SYNOPSIS: The following day, July 1st, was the eighth anniversary of the death of Juan Domingo Peron. The memories of older members of the Peronist movement go back to his first presidency - ended by a military coup in 1955. Some of the younger generation can barely remember his brief comeback eight years ago. Yet his name inspires Argentina's largest political group.
Peron returned from almost twenty years of exile in 1973 - to become president for the second time, with his wife, Isabel. as his vice-president. The Peronist legend, that brought his unexpected election victory, survived a year of office that added little of substance to his reputation. He was 77 and in poor health. When he died, on July 1st 1974, his widow became Argentina's and the world's first woman president. She had been a dancer before she married Peron as his third wife. Her political experience was negligible.
The eighteen months of her Presidency were a time of increasing violence and mounting inflation. Finally the military took over, and put her under house arrest.
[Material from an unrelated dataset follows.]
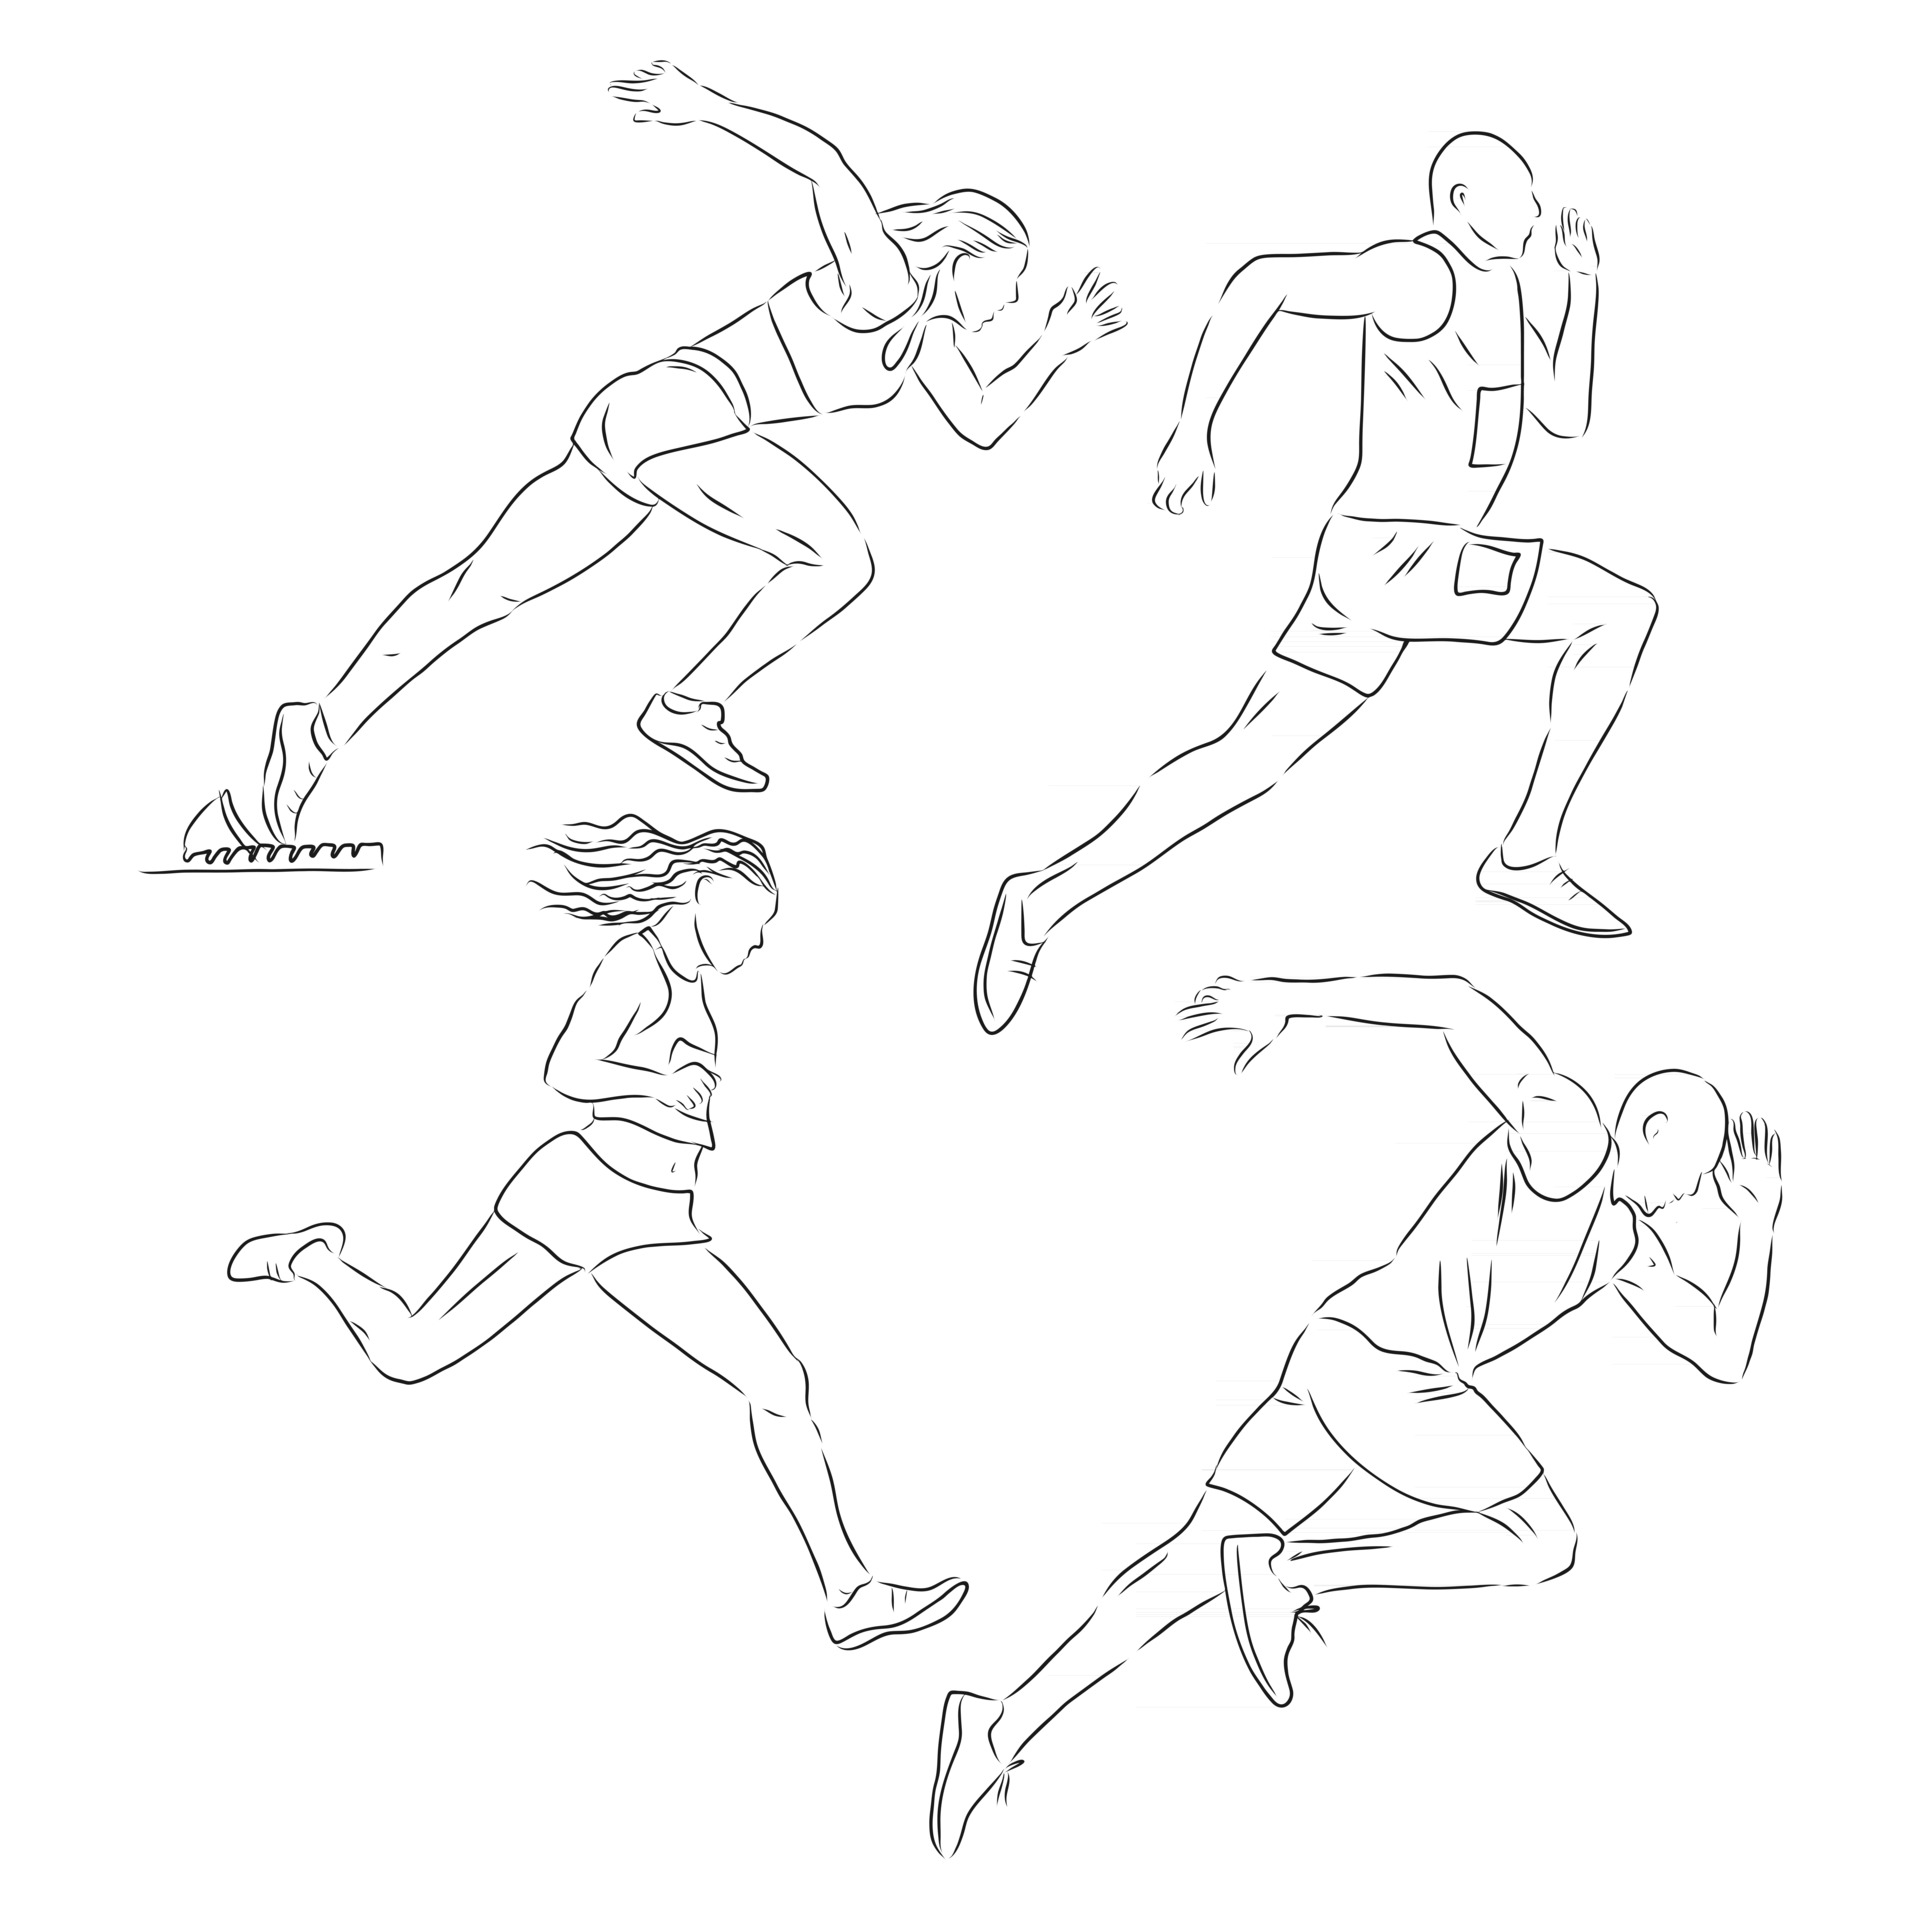 How to Draw a Person Running  Really Easy Drawing Tutorial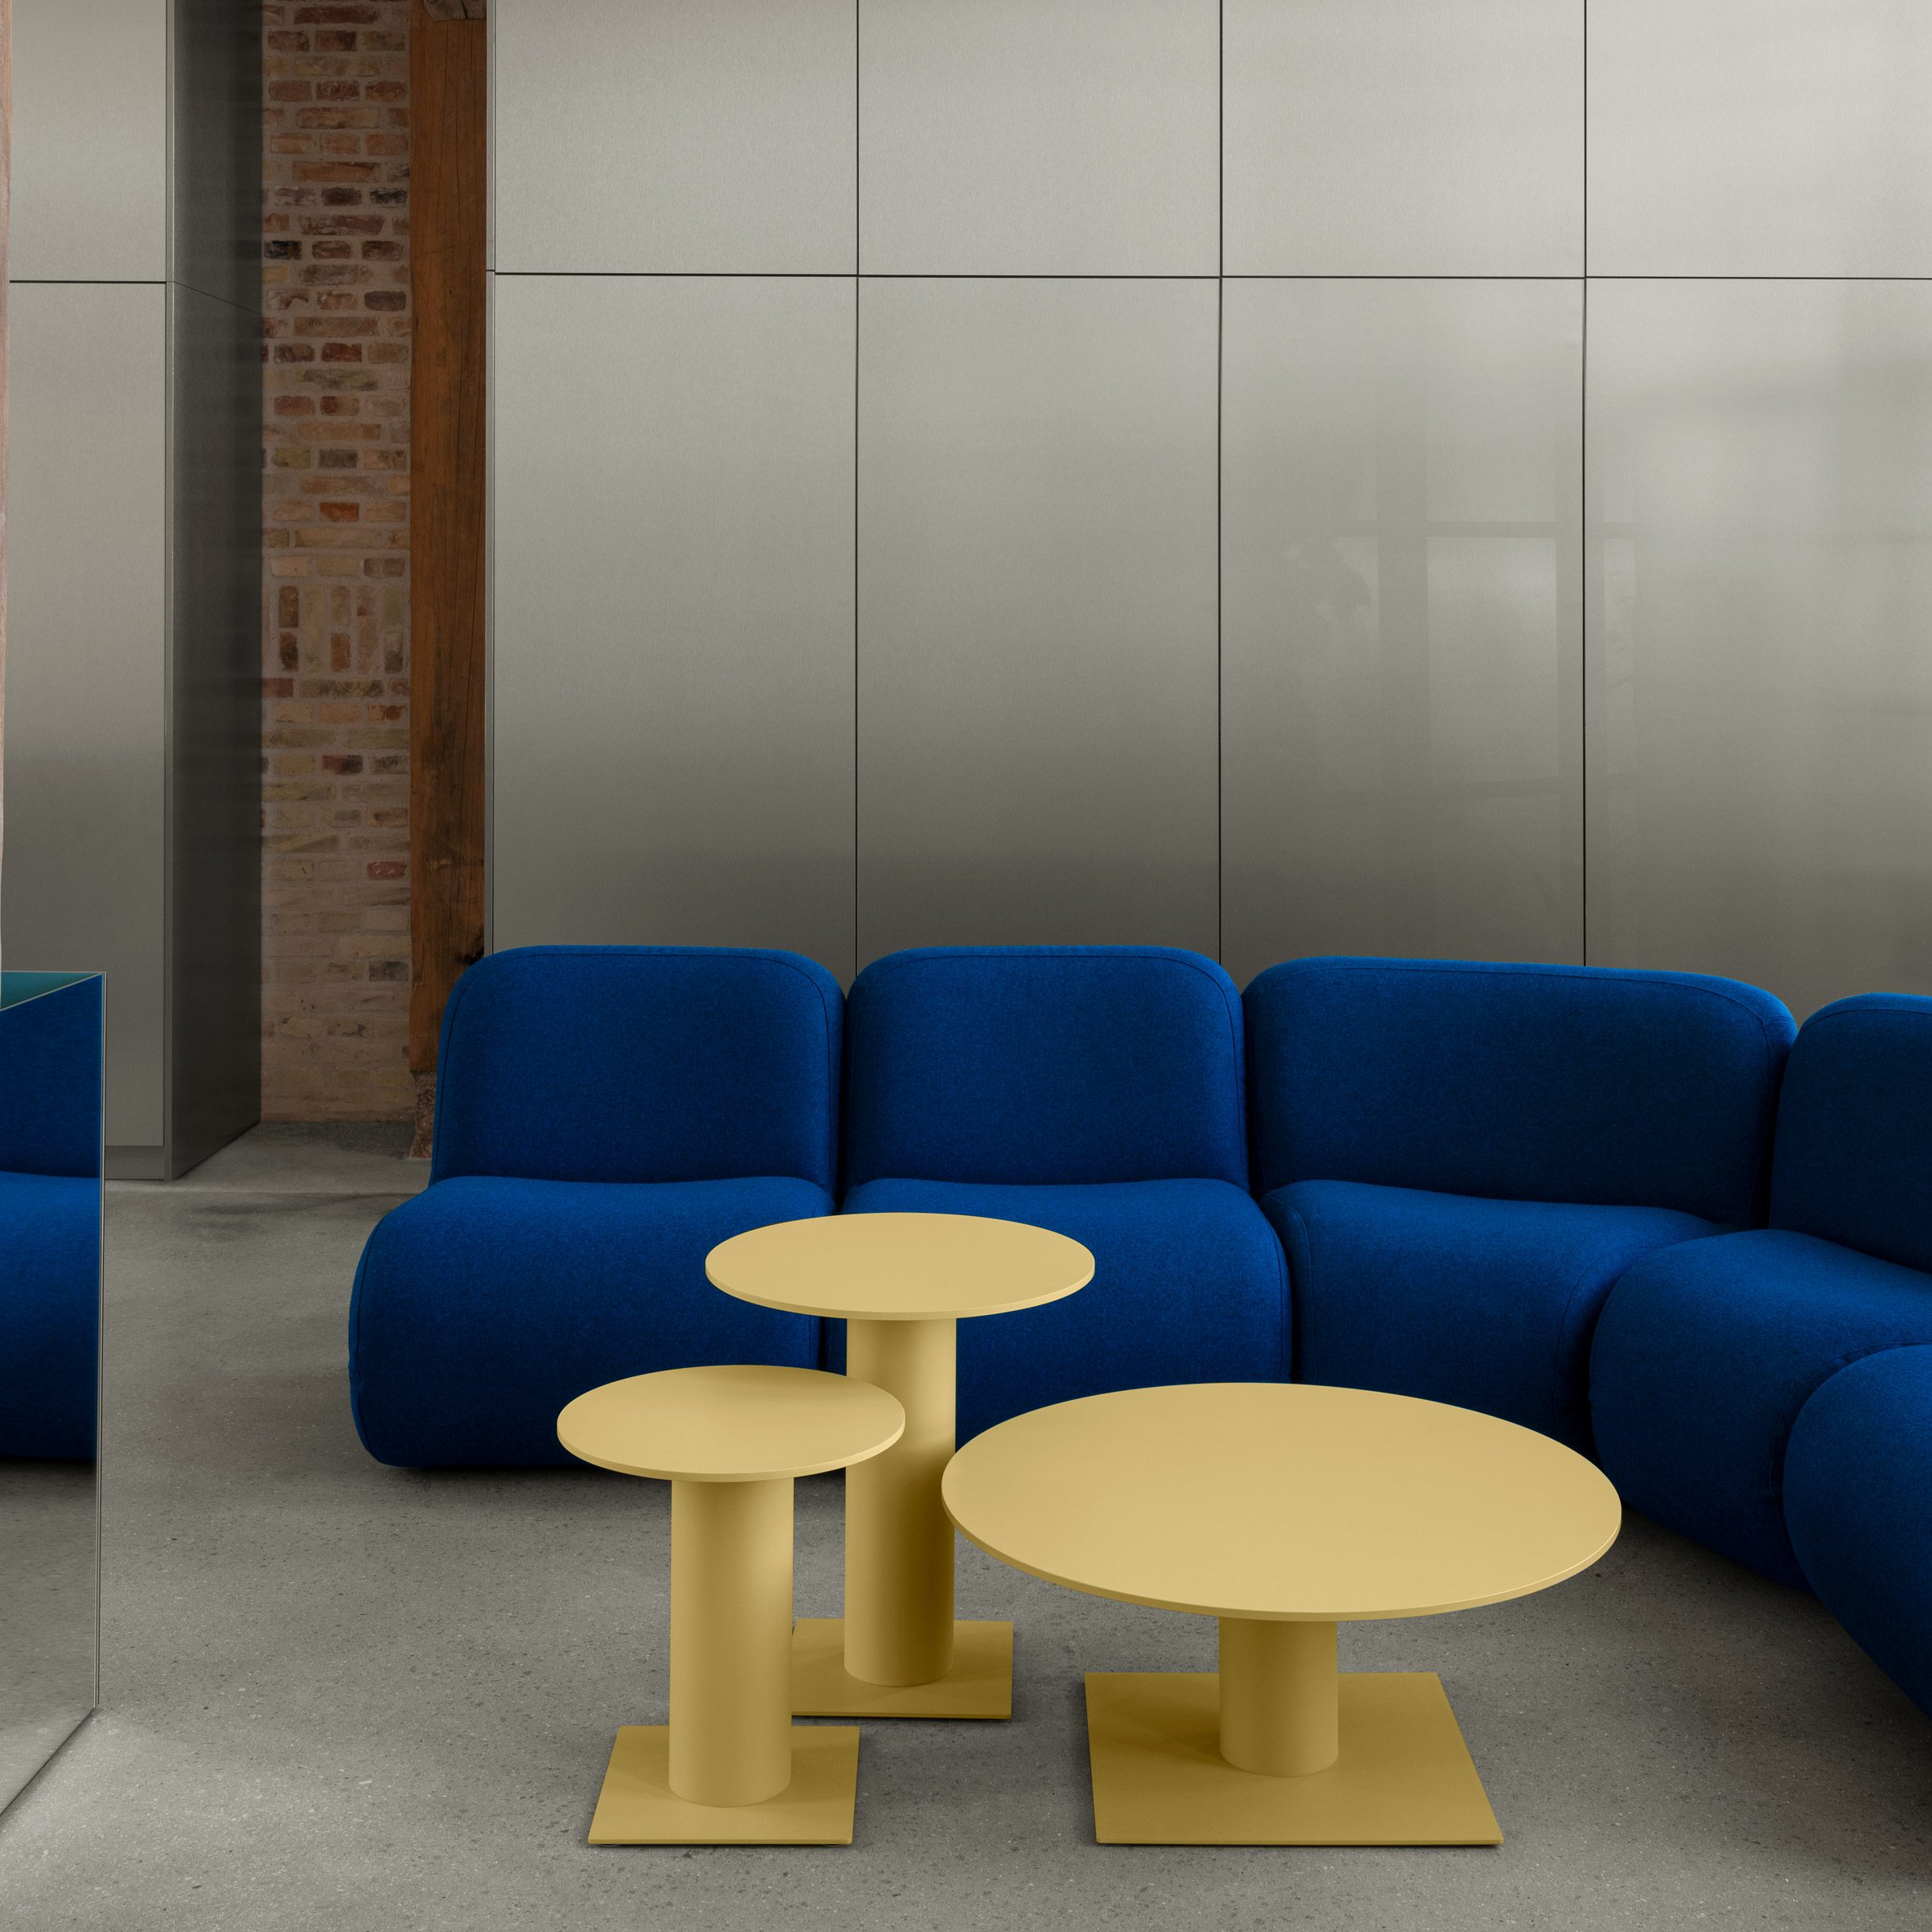 Blue sofa and yellow tables

Eva Peron - " Evita", Peron's second wife, was the real idol of the movement. Before she died in 1952, she had built a following among los descamisados - the shirtless ones - that the Peronists have never lost. Her memory is still honoured, thirty years after her death.
Popular demand mounted for the release of Senora Isabel Peron from detention - although at the time, in June of last year, street demonstrations were illegal. She bore the name that still had power to rouse the enthusiasm of thousands of Argentines. Political experts believe that the Peronists would win 40 to 20 per cent of the vote if elections were held there now - though the movement is split, and only one faction directly supports Mrs Peron personally. She was released last July, and now lives in exile in Spain.
Arturo Illia, now 81, was president for three years in the 1960s. He is a member of the Radical Party - the second largest political grouping in Argentina. The Radical leader Juan Carlos Pugliese, presented a document called "Before It Is Too Late" to a rally of five major parties in December last year - and the leaders of all five were there to endorse the programme. The document called for the removal of all restrictions on political and trade union activities, free elections and full respect for human rights. The demand for the restoration of the democratic process was building up in Argentina before the Falklands crisis and the fall of General Galtieri.
The five-party Multipartidaria also includes the Christian Democrats, the Movement for Integration and Development, and, on the left, the Intransigent Party. It is completed by the Justicialist Liberation Front, under the leadership of Deolindo Bittel. This is the formal name of the party that perpetuates the programme of popular nationalism and social welfare still associated with the name of Peron.